Al tempo stesso, il Sud-est asiatico può attingere a un numero impressionante di lavoratori di età compresa tra i 25 e i 54 anni con un’istruzione a livello universitario. «Più che di tigri parlerei di potenze economiche ambiziose» precisa Paola Morselli, junior research fellow dell’Osservatorio Asia dell’Istituto Ispi. «Sono nazioni in rapida crescita che vogliono conquistare un ruolo di primo piano nei settori emergenti dell’economia mondiale. Da secoli hanno rapporti con la Cina, quasi tutti a oggi hanno buone relazioni con gli Stati Uniti e offrono agli investitori stranieri stabilità politica, in molti casi garantita da sistemi governativi con caratteristiche autoritarie, a causa di sistemi politici non propriamente democratici». E naturalmente ricchi incentivi fiscali. Prendiamo la Malesia. Nel 2023 il suo Prodotto interno lordo è aumentato del 3,7 per cento e da anni si è guadagnata un ruolo chiave nella catena del valore dei microchip, in particolare nella fase di assemblaggio. Il Paese con i suoi 33 milioni di abitanti è già il sesto esportatore mondiale di semiconduttori e confeziona il 23 per cento di tutti i microprocessori americani.
Nei mesi scorsi colossi del settore come l’americana Intel e la tedesca Infineon hanno annunciato investimenti in Malesia per 7 miliardi di dollari ciascuno.
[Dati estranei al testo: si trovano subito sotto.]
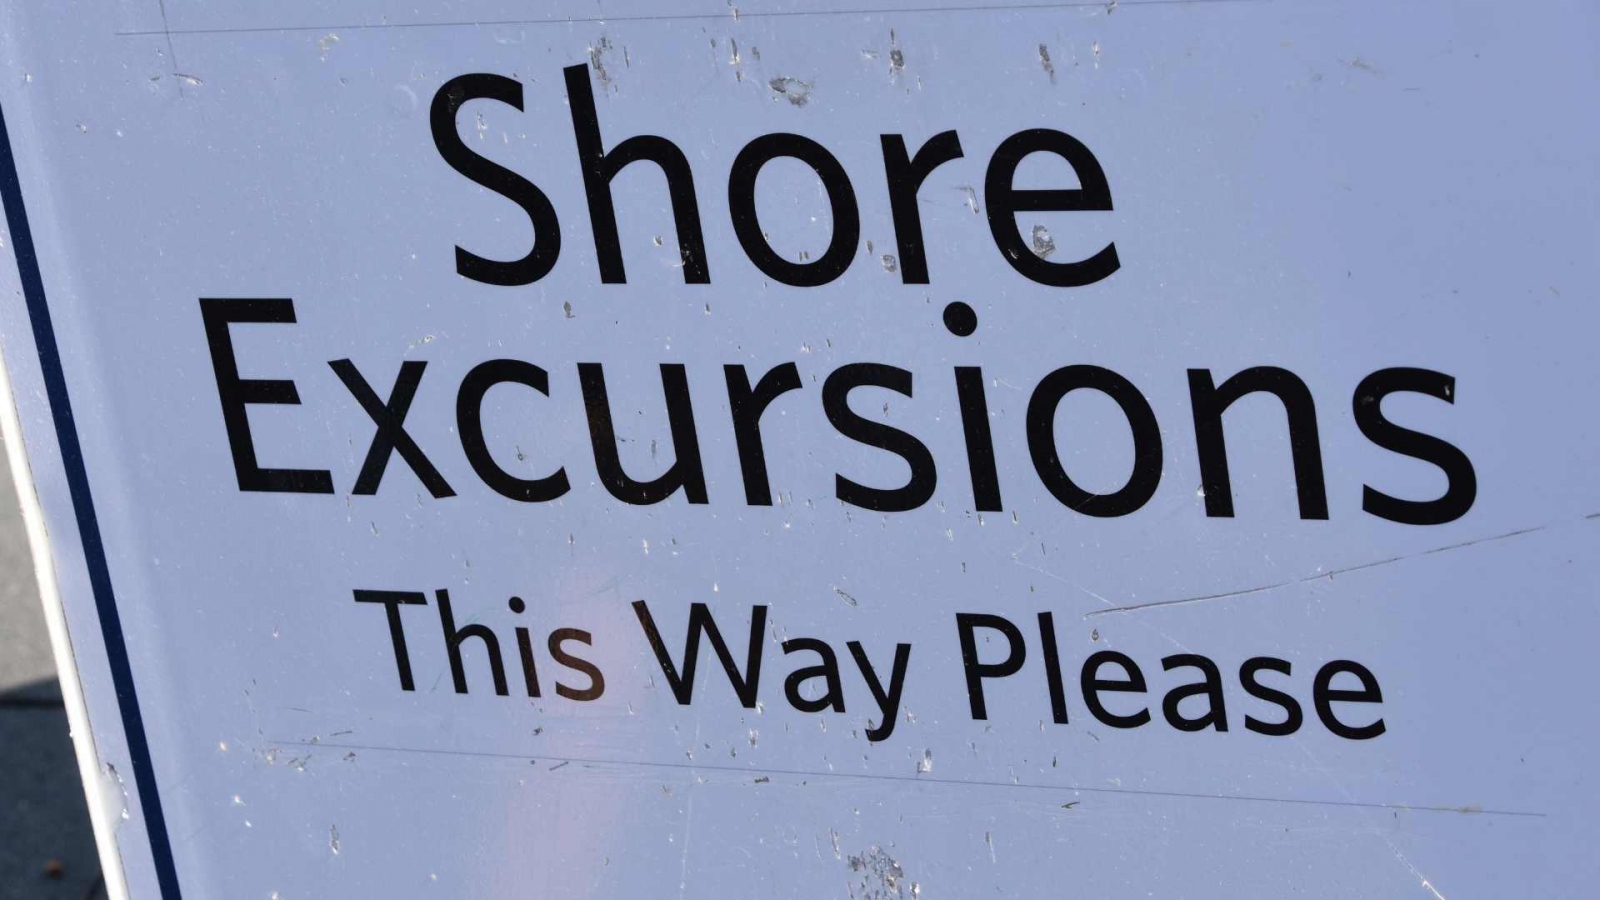 Shore excursion plate

Mentre Nvidia, il principale produttore mondiale di processori che alimentano l’Intelligenza artificiale, collabora con il conglomerato locale Ytl per la realizzazione del più veloce supercomputer del mondo dedicato all’Ia. Anche Texas Instruments, Ericsson, Bosch e Lam Research si stanno espandendo nello Stato asiatico. Che però non si accontenta di essere un ingranaggio nella grande macchina globale dell’hi-tech: sa di essere vulnerabile se un’altra economia diventa competitiva nell’assemblaggio di microchip e quindi sta cercando di creare un tessuto di aziende locali in modo da non dipendere più dalle grandi multinazionali.
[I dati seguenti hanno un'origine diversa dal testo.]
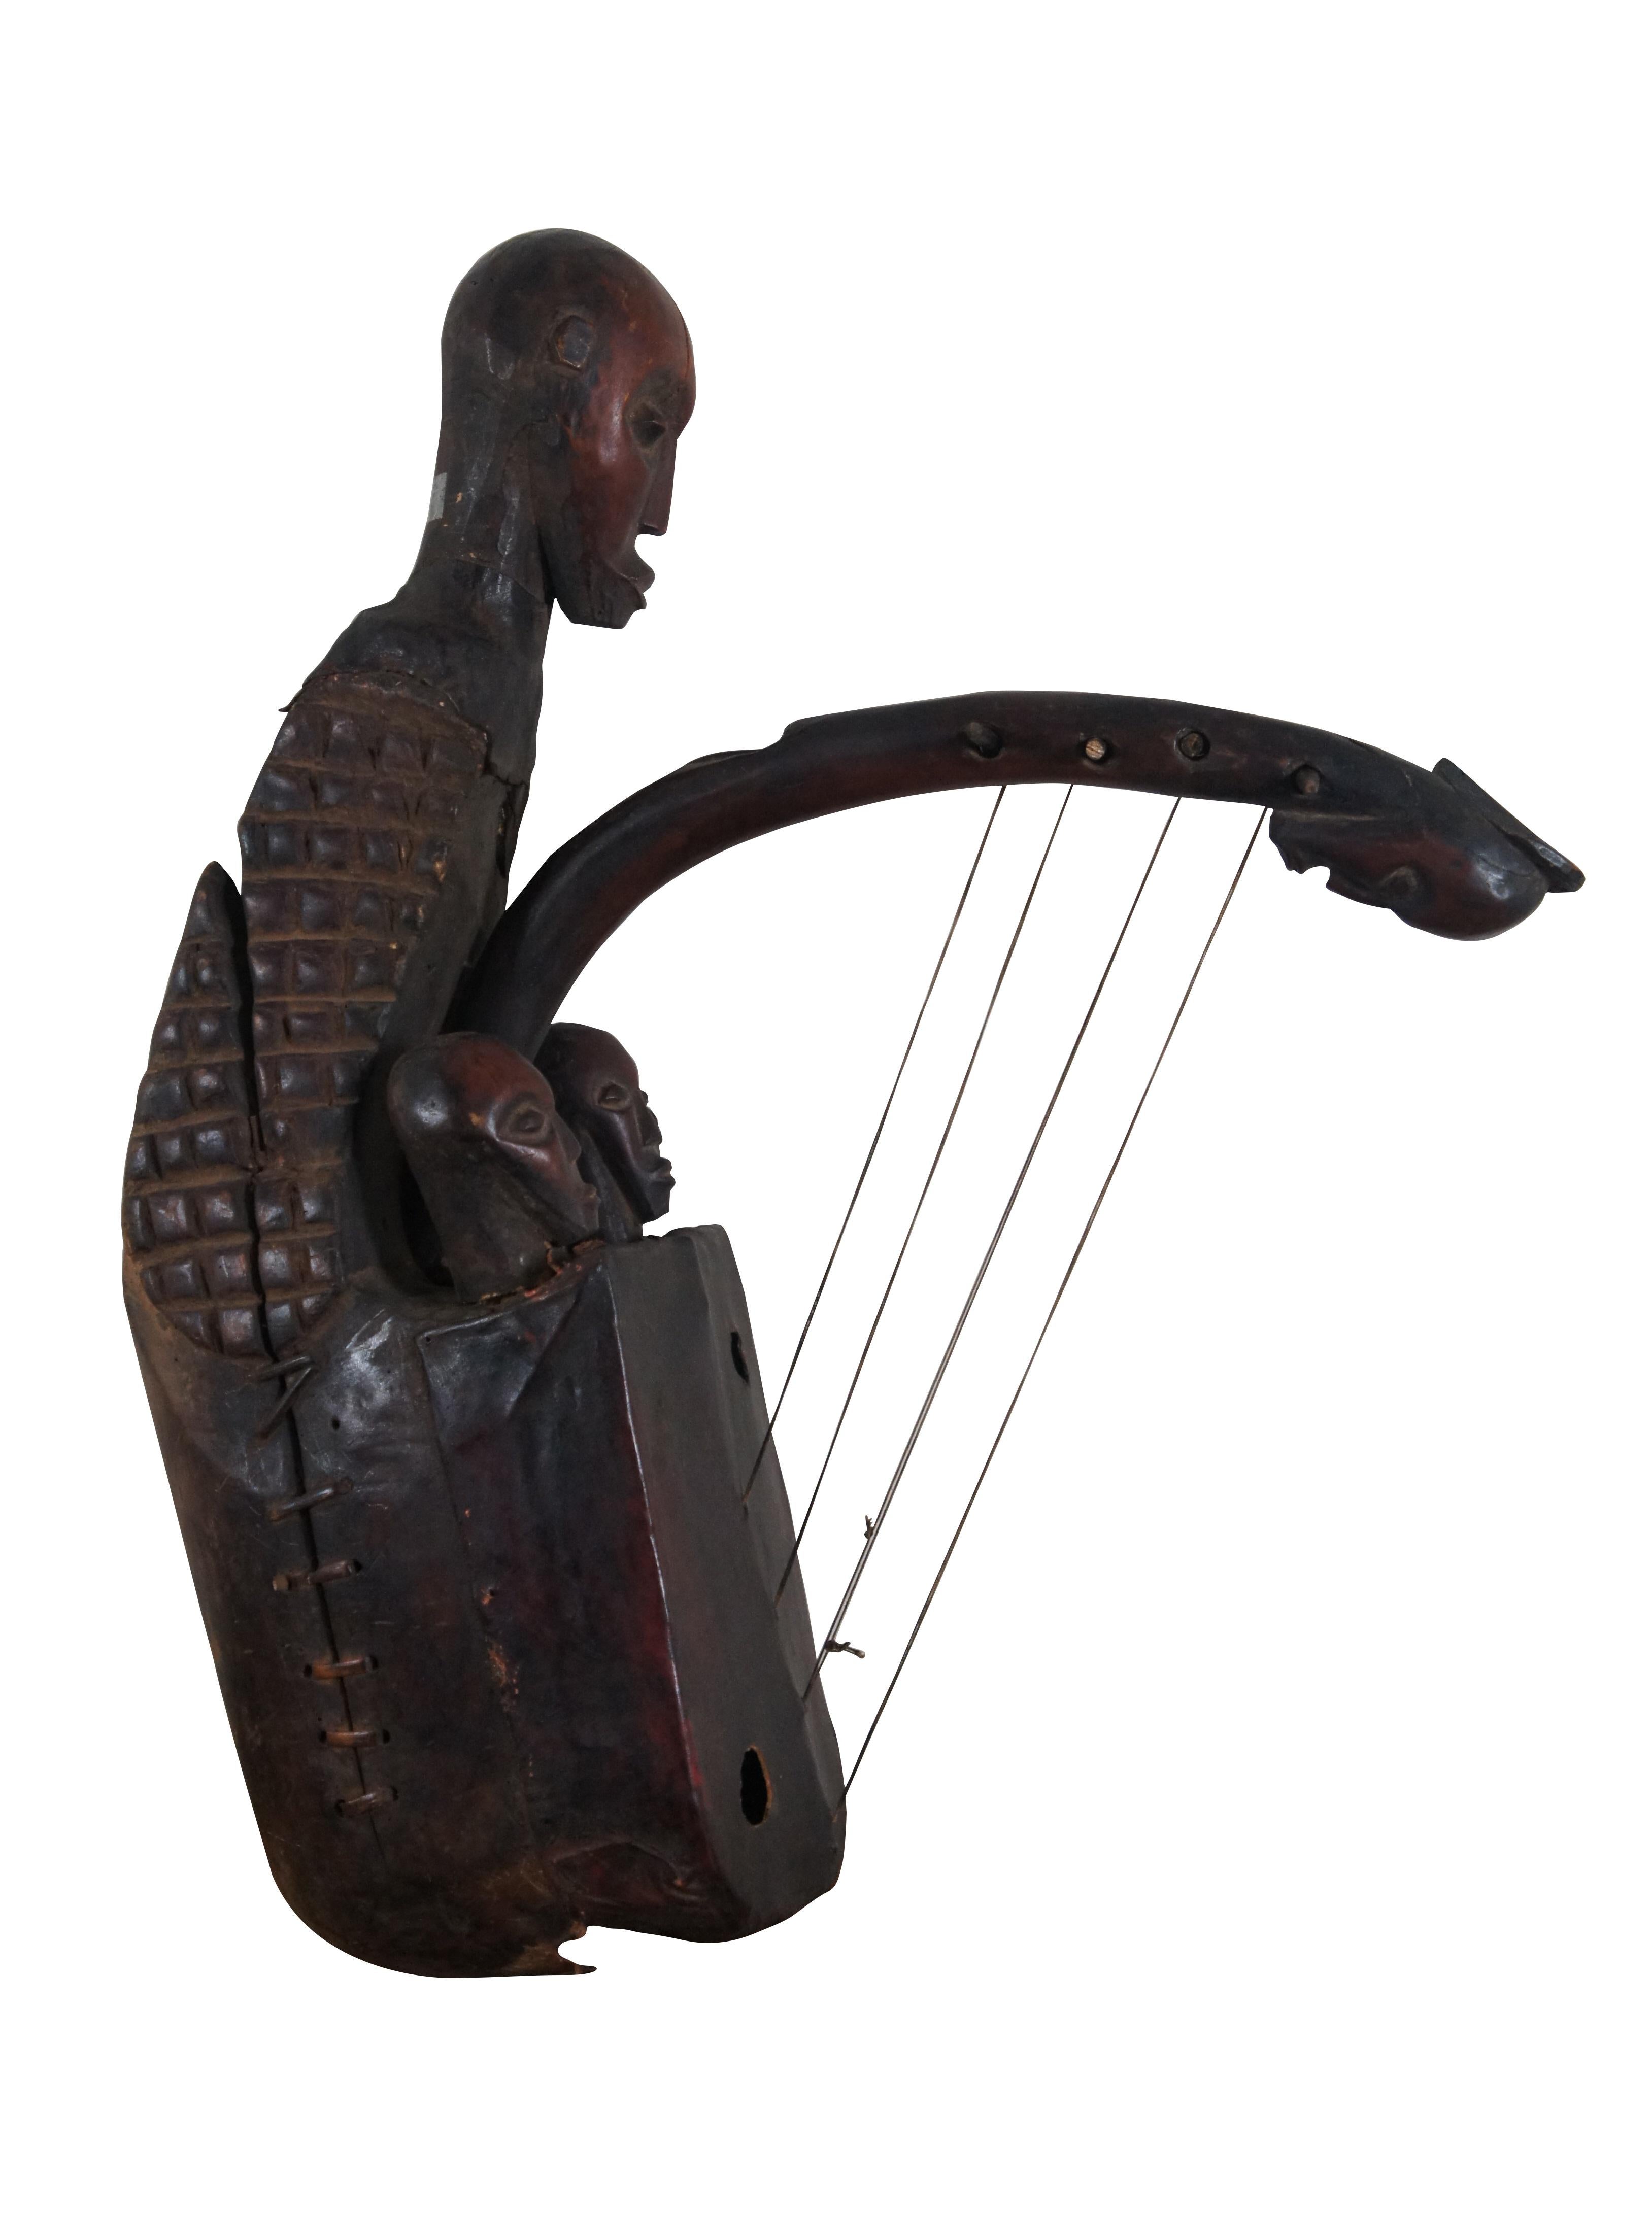 Rare harpe de fertilité Mangbetu / domu, un instrument à cordes africain du peuple Mangbetu, avec un corps rond en bois, une tête en cuir rouge tendue avec deux trous de son et quatre cordes sur des chevilles. Sculpté à la main, il a la forme d'un

Anche il Vietnam sta diventando sempre di più un protagonista nel mondo dell’informatica. La Apple ha spostato nel Paese comunista la produzione dell’iPad e di recente vi ha allocato anche alcune delicate attività di progettazione, una decisione che ha suscitato un forte interesse nel settore. Per la casa di Cupertino il Vietnam si sta consolidando come un «hub» alternativo di produzione al di fuori della Cina. Ma è da tempo che Hanoi spinge per conquistare un ruolo importante nelle nuove tecnologie. Ha già una solida base industriale nel campo della telefonia e vuole crescere nei semiconduttori.
«Il Vietnam è considerato il perno dell’Indo-Pacifico e ciò apre una collaborazione crescente fra Europa e Vietnam» ha dichiarato il 26 luglio scorso il presidente Sergio Mattarella, annunciando la ratifica da parte del Parlamento italiano di un accordo fra l’Ue e il Paese asiatico. Nel 2023 il Vietnam (98 milioni di abitanti) ha messo a segno una crescita del Pil del 5 per cento, inferiore al target del 6,5 per cento che si era dato il governo. A causare questo risultato è stata la caduta delle esportazioni di smartphone. Ma nonostante ciò il Vietnam resta una delle nazioni a più alto tasso di crescita del mondo.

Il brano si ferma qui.